In a medium bowl, combine Nut Topping ingredients; stir to blend. Spread evenly on bottom of 13 x 9-inch baking pan. Set aside.

In a large bowl, combine 2 cups flour, sugar, undissolved yeast and salt. Heat water, milk, and butter until very warm (120° to 130°F). Gradually add to flour mixture. Beat 2 minutes at medium speed of electric mixer, scraping bowl occasionally. Add eggs and 1 cup flour; beat 2 minutes at high speed. Stir in enough remaining flour to make a soft dough. Knead on lightly floured surface until smooth and elastic, about 8 to 10 minutes. Cover; let rest 10 minutes.
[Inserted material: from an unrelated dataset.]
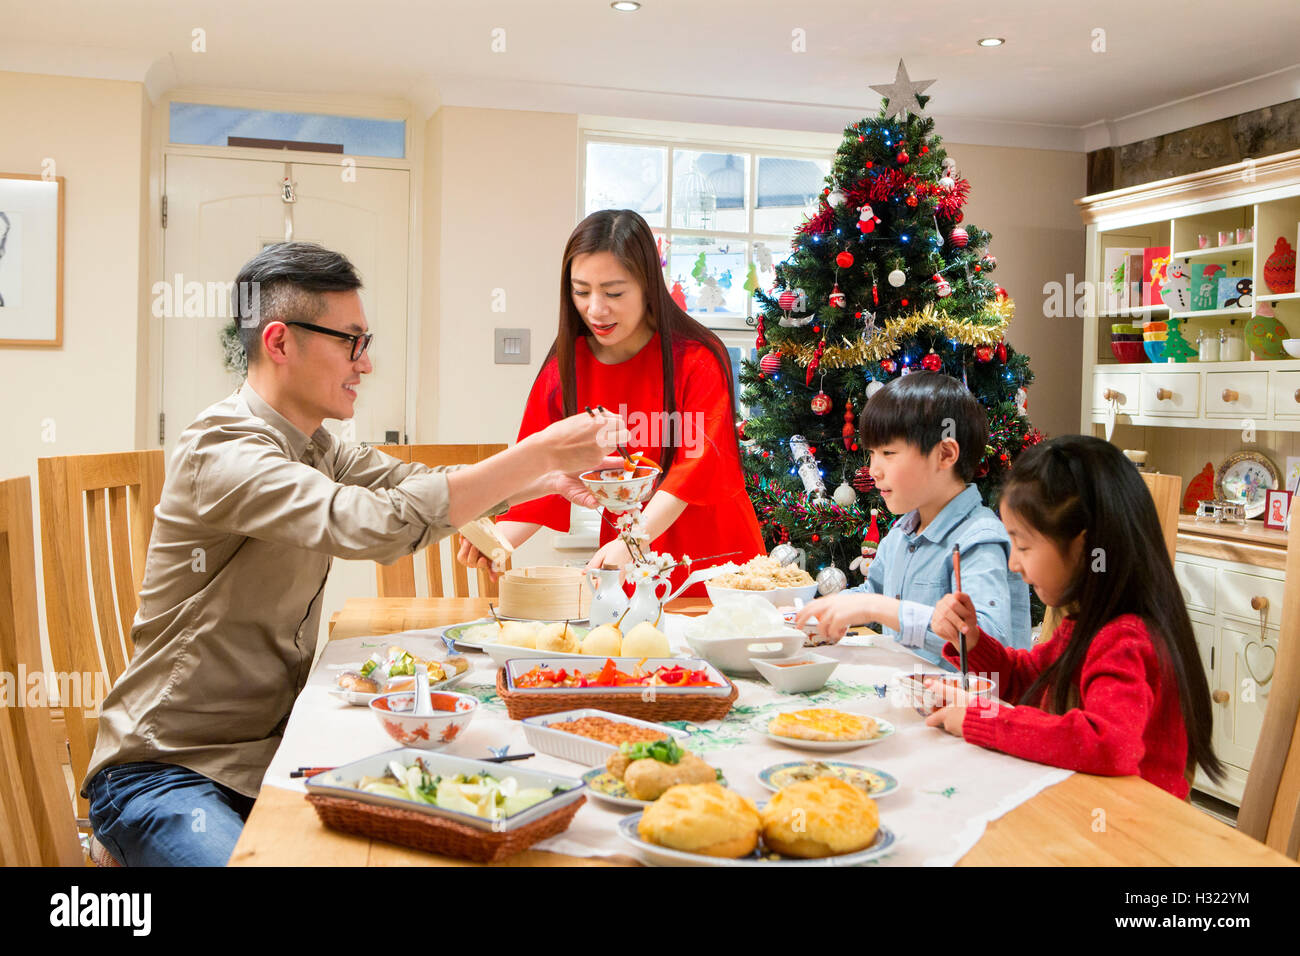 Familia china disfrutando de su cena de Navidad. Están comiendo comida china tradicional. Los padres están sirviendo alrededor del t Foto de stock

Roll dough to 24 x 12-inch rectangle. Brush with melted butter; sprinkle with sugar and cinnamon. Beginning at long end, roll up tightly as for jelly roll. Pinch seam to seal. With sharp knife, cut into 20 equal portions. Place, cut sides up, in prepared pan. Cover; let rise in warm, draft-free place until doubled in size, about 1 hour.

Bake at 350°F for 25 to 30 minutes or until done. Let cool in pan on wire rack for 10 minutes. Turn upside down and remove from pan; cool completely on wire rack.